Впрочем, все ерунда. Главное добраться и чтобы была пригодной лодка. Все остальное вздор. Не важно где ночевать. Петрович пустит переночевать в баню и это тоже вариант. Добраться бы. Интересно как? Мой товарищ всегда уезжает на место заранее. Уже через пару дней после секретного письма он сядет на поезд, потом будет трястись с тяжеленным рюкзаком то в одном, то в другом автобусе. А потом будет тропа через лес. Двадцать пять километров лесной дороги по весенним просекам и болотам. Ставки растут. Все правильно, надо быть на месте загодя. Тогда будет запас времени и на выбор места для шалаша и на его строительство. Это правильное решение и он справится. Уже потом, через несколько дней, после нашей встречи, в пятницу перед самым открытием охоты он будет сидеть на пороге избы, и рассказывать мне про свой лесной переход. Про глухаря на сушине, про весенних гадюк, про вальдшнепов. Рассказывать и смотреть, как я торопливо собираю основу для своего собственного шалаша, шалаша который я буду ставить завтра на весеннем разливе ранним утром, в сиреневых весенних сумерках.

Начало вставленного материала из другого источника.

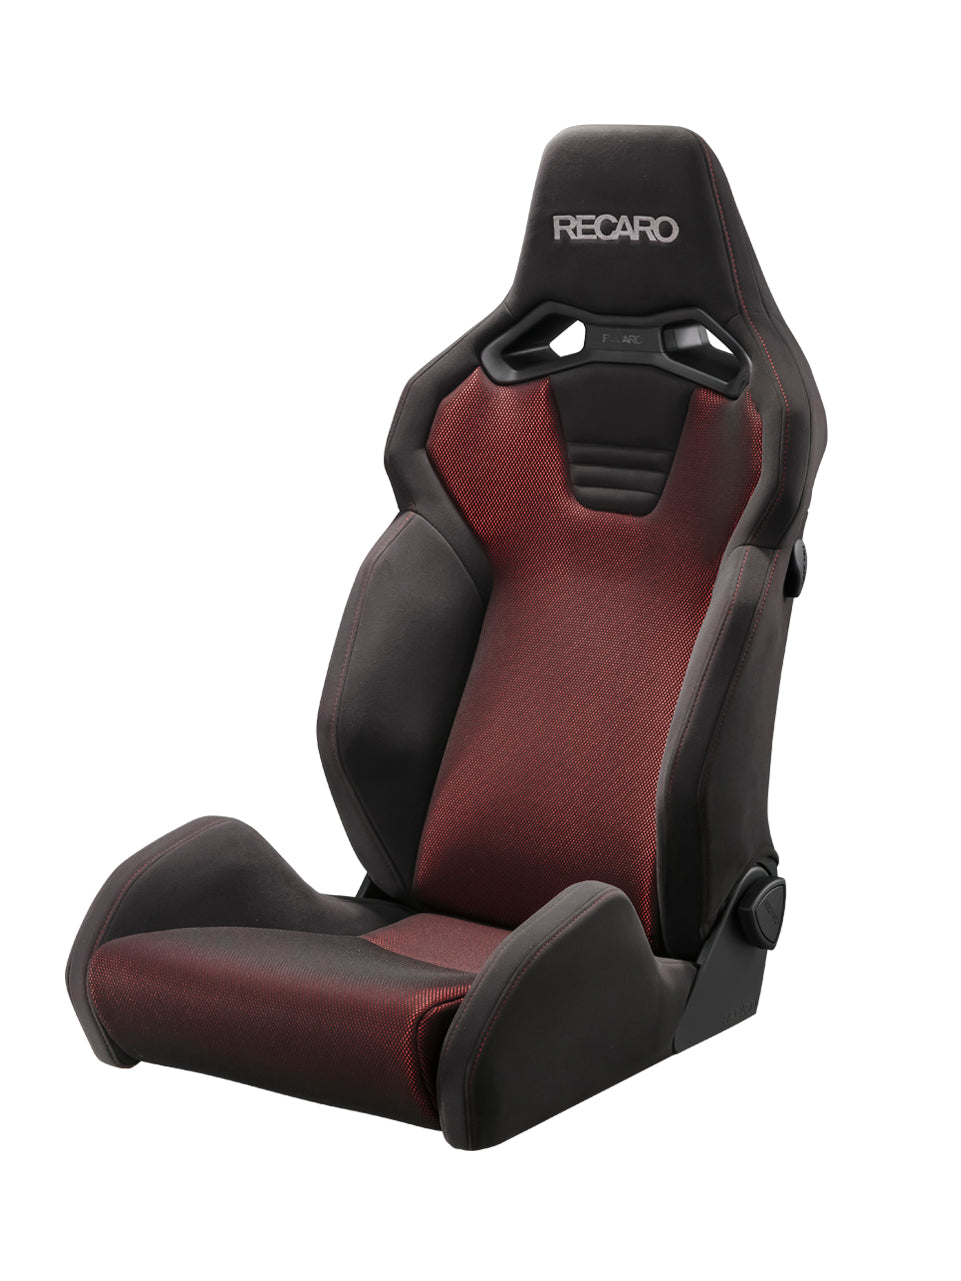 RECARO SR-S BK100 RD BK BRILLIANT MESH RED AND BLACK COLOR SEAT 81-120.20.641-0

Весна беспокойное время года. Короткие ночи и светлые зори. Весной всегда трудно все успеть. Не так давно, всего пару месяцев назад мы с другом подробно обсуждали вечерами, как будем ходить на тягу вальдшнепа. Конечно, это будет непременно «дальняя тяга». Ближние полянки тоже хороши, но ТАМ! Всего в семи километрах есть чудесная лесная поляна. Это лучшее место в округе, а быть может лучшее место на Земле. Это настоящая глушь, где ленивые и беспечные вальдшнепы начинаю тянуть еще по-светлому. Это, почти сказка. Дорога туда, конечно не легка, но понятна. Семь километров просек это не то, что должно настораживать настоящего мужчину. Можно передохнуть на галечнике, а потом посидеть, уже придя на место. Приходить, конечно, надо заранее. Тогда можно развести костер и выпить чаю. Поискать где ты будешь ожидать сумеречного кулика. Мы смакуем, как будем искать новую лесную полянку, где по нашим расчетам вальдшнепа будет еще больше. Там выбирается из лесных завалов ручей, и вечерами видно как именно там мотаются вальдшнепы. Просвет в кронах вроде был побольше. Наверное, маленькая, никому еще не известная полянка и мы ее непременно сыщем. Зимние грезы. Весною же все проще. Один, много два перехода и семь километров уже не кажутся пустяками. Когда вы два раза подряд пройдете обратный путь в полнейшей темноте, когда все, что вокруг вас это болото, вода и молчаливый притихший лес, а дорога кажется бесконечной, то сразу оцените и ближние поляны и это тоже правильно.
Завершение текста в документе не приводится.